The two datasets are the same. Is the discrepancy caused by outliers being removed?

Outlier analysis

Outliers in the 2024 data:

# cond_comparison |>
#   dplyr::filter(Time == 2015) |>
#   dplyr::arrange(EPU)

cond_2024$outliers |>
  dplyr::filter(YEAR == 2015)  |>
  dplyr::select(CRUISE6, STRATUM, LENGTH, LAT, LON, EST_TOWDATE, INDID, INDWT, SEX) |>
      dplyr::left_join(NEesp2::strata_epu_key) |>
  dplyr::filter(EPU == "MAB") |>
  dplyr::arrange(INDWT) |>
  nrow()
## [1] 0

There are no outliers in the 2024 data set.

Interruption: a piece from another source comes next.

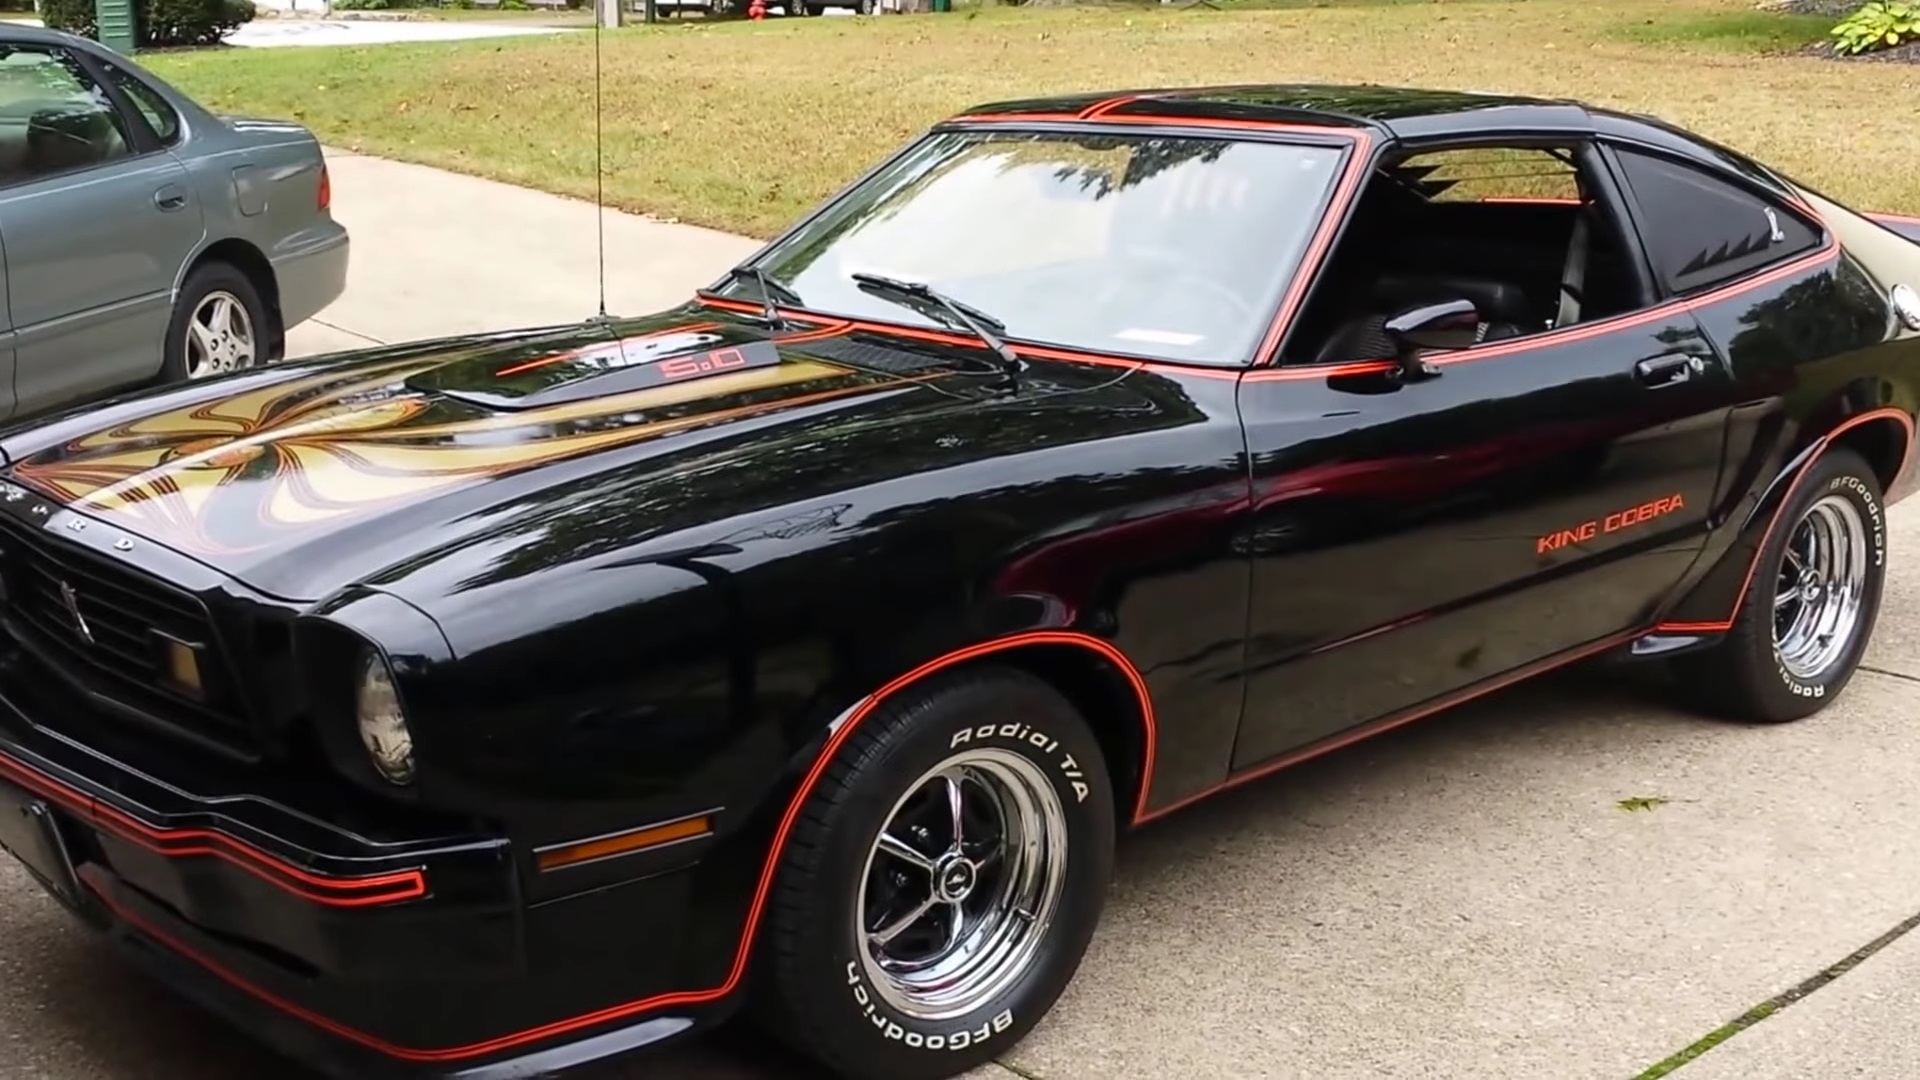 Video: 1978 Ford Mustang King Cobra Engine Startup + Quick Tour

Outliers in the 2025 data:

cond_2025$outliers |>
  dplyr::filter(YEAR == 2015)  |>
  dplyr::select(CRUISE6, STRATUM, LENGTH, LAT, LON, EST_TOWDATE, INDID, INDWT, SEX) |>
        dplyr::left_join(NEesp2::strata_epu_key) |>
  dplyr::filter(EPU == "MAB") |>
   dplyr::arrange(INDWT) |>
  knitr::kable()
CRUISE6 STRATUM LENGTH LAT LON EST_TOWDATE INDID INDWT SEX EPU
201504 1720 22 38.4724 -73.50522 2015-09-02 19:17:17 2537 0.046 1 MAB

The 2025 data set has one outlier. This data point is considered an outlier in the 2025 data, but not in the 2024 data, which causes the difference in the 2015 condition value in the MAB.

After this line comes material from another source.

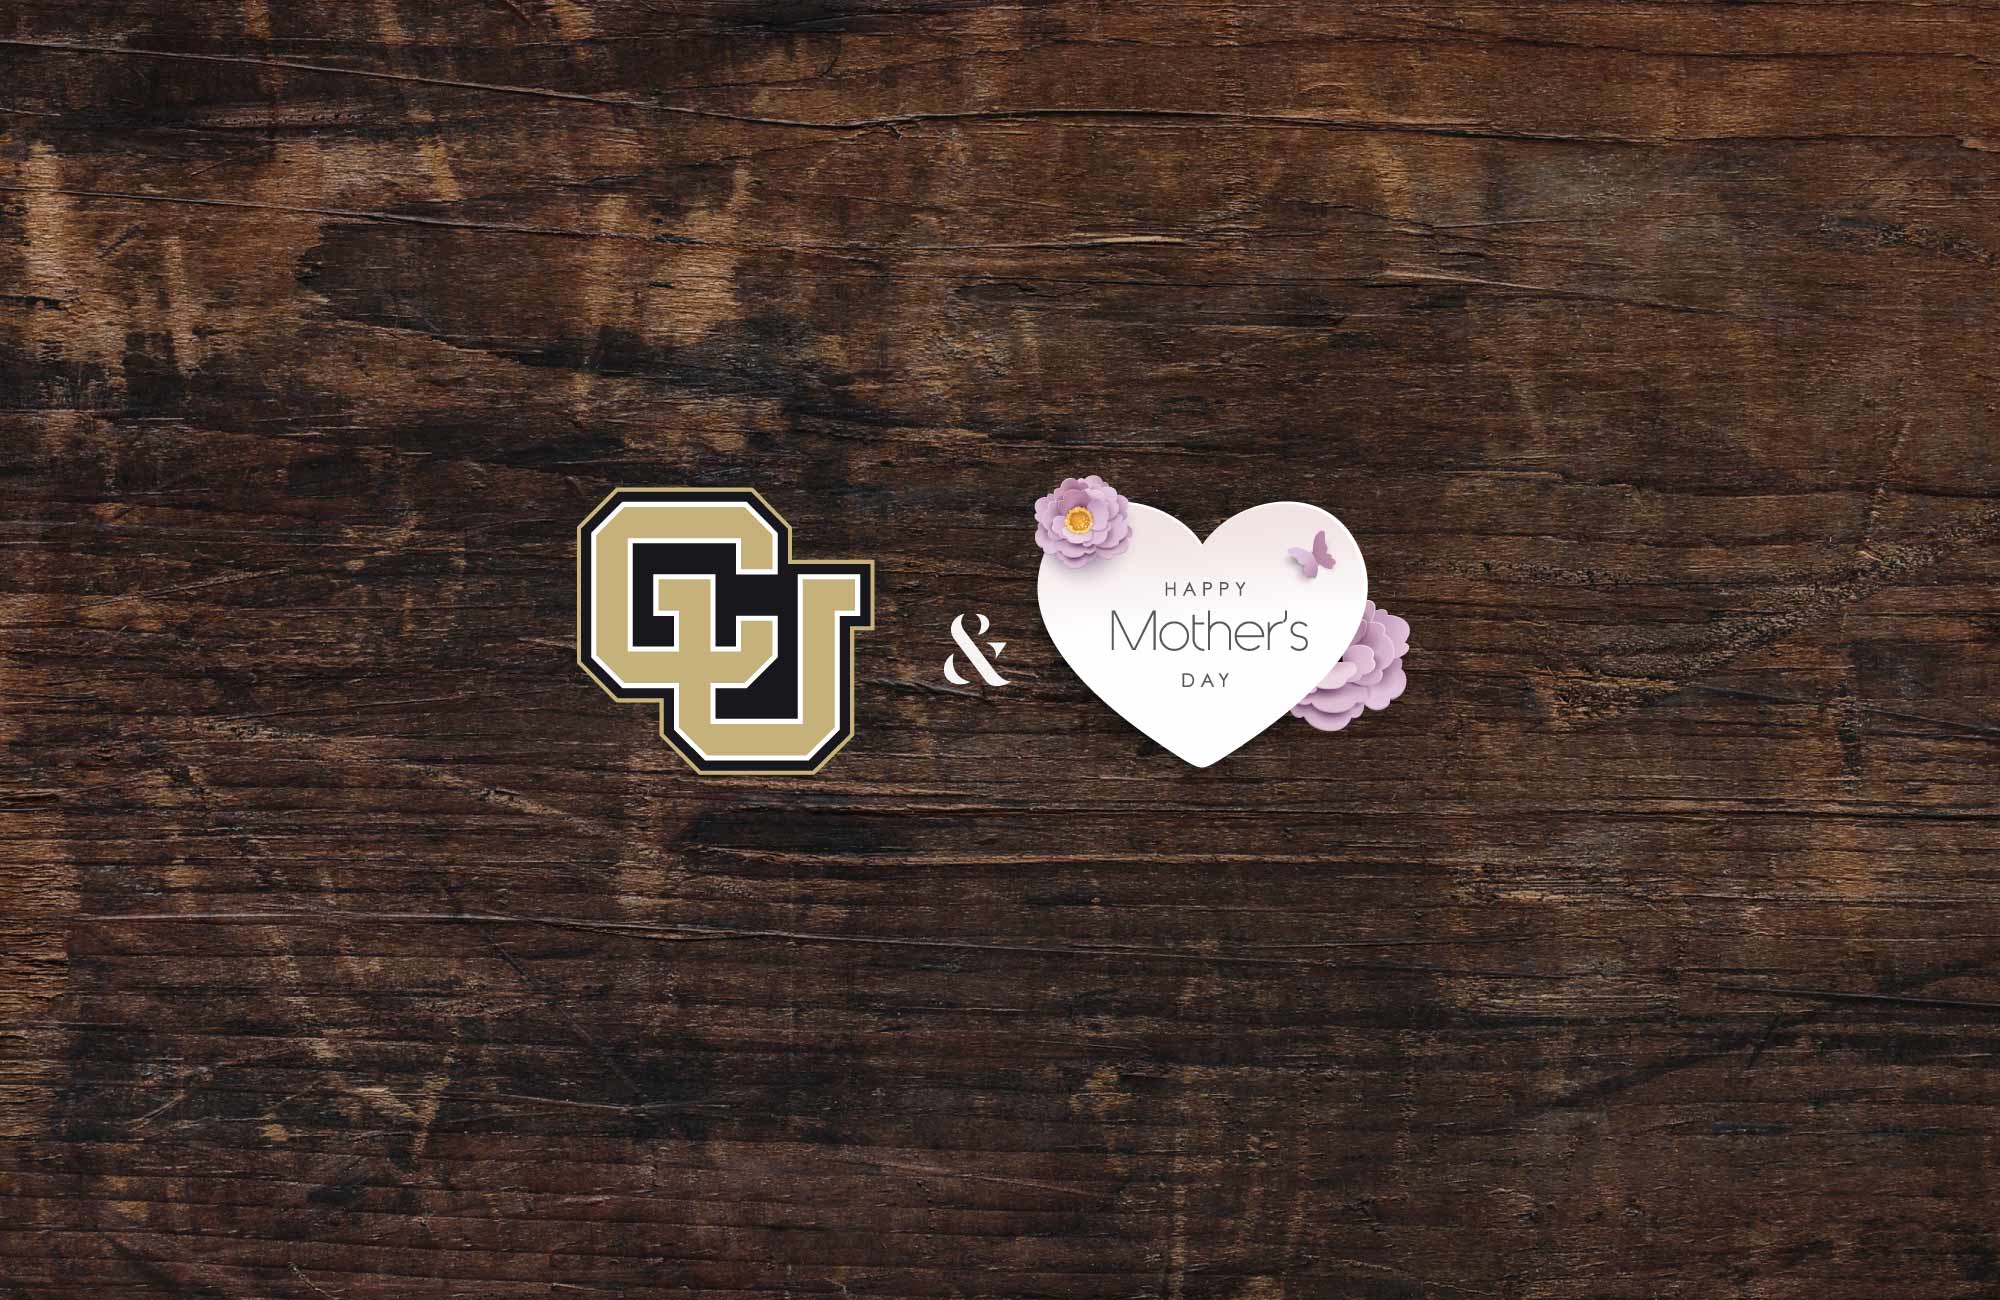 CU Boulder Graduation and Mother’s Day

Take a look at the outlier:

plt <- survdat_2024 |>
  dplyr::mutate(source = "2024") |>
  dplyr::bind_rows(
    survdat_2025 |>
      dplyr::mutate(source = "2025")
  ) |>
  dplyr::filter(SEASON == "FALL",
                !is.na(LENGTH),
                !is.na(INDWT)) |>
  ggplot2::ggplot(ggplot2::aes(x = LENGTH,
                               y = INDWT,
                               color = source,
                               shape = source)) +
  ggplot2::geom_point(cex = 2,
                      alpha = 0.5) +
  ggplot2::theme_bw()

plt +
  ggplot2::geom_point(ggplot2::aes(x = LENGTH,
                               y = INDWT),
                      data = witch_2025[1,],
                      inherit.aes = FALSE,
                      color = "black")

The black point is the outlier, as defined by having a relative condition < 2SD below the species’ mean relative condition over all years. I don’t think it should be treated as an outlier.

Summary

Some discrepancies are caused by differences in the underlying survdat data. These should be validated against the current data in the NEFSC database. Other discrepancies are caused by differences in outlier removal. Since outliers are defined based on standard deviations, the addition of more data changes the outlier cutoff. We would need to update the outlier removal method to be more consistent over time if we want to avoid this issue in the future.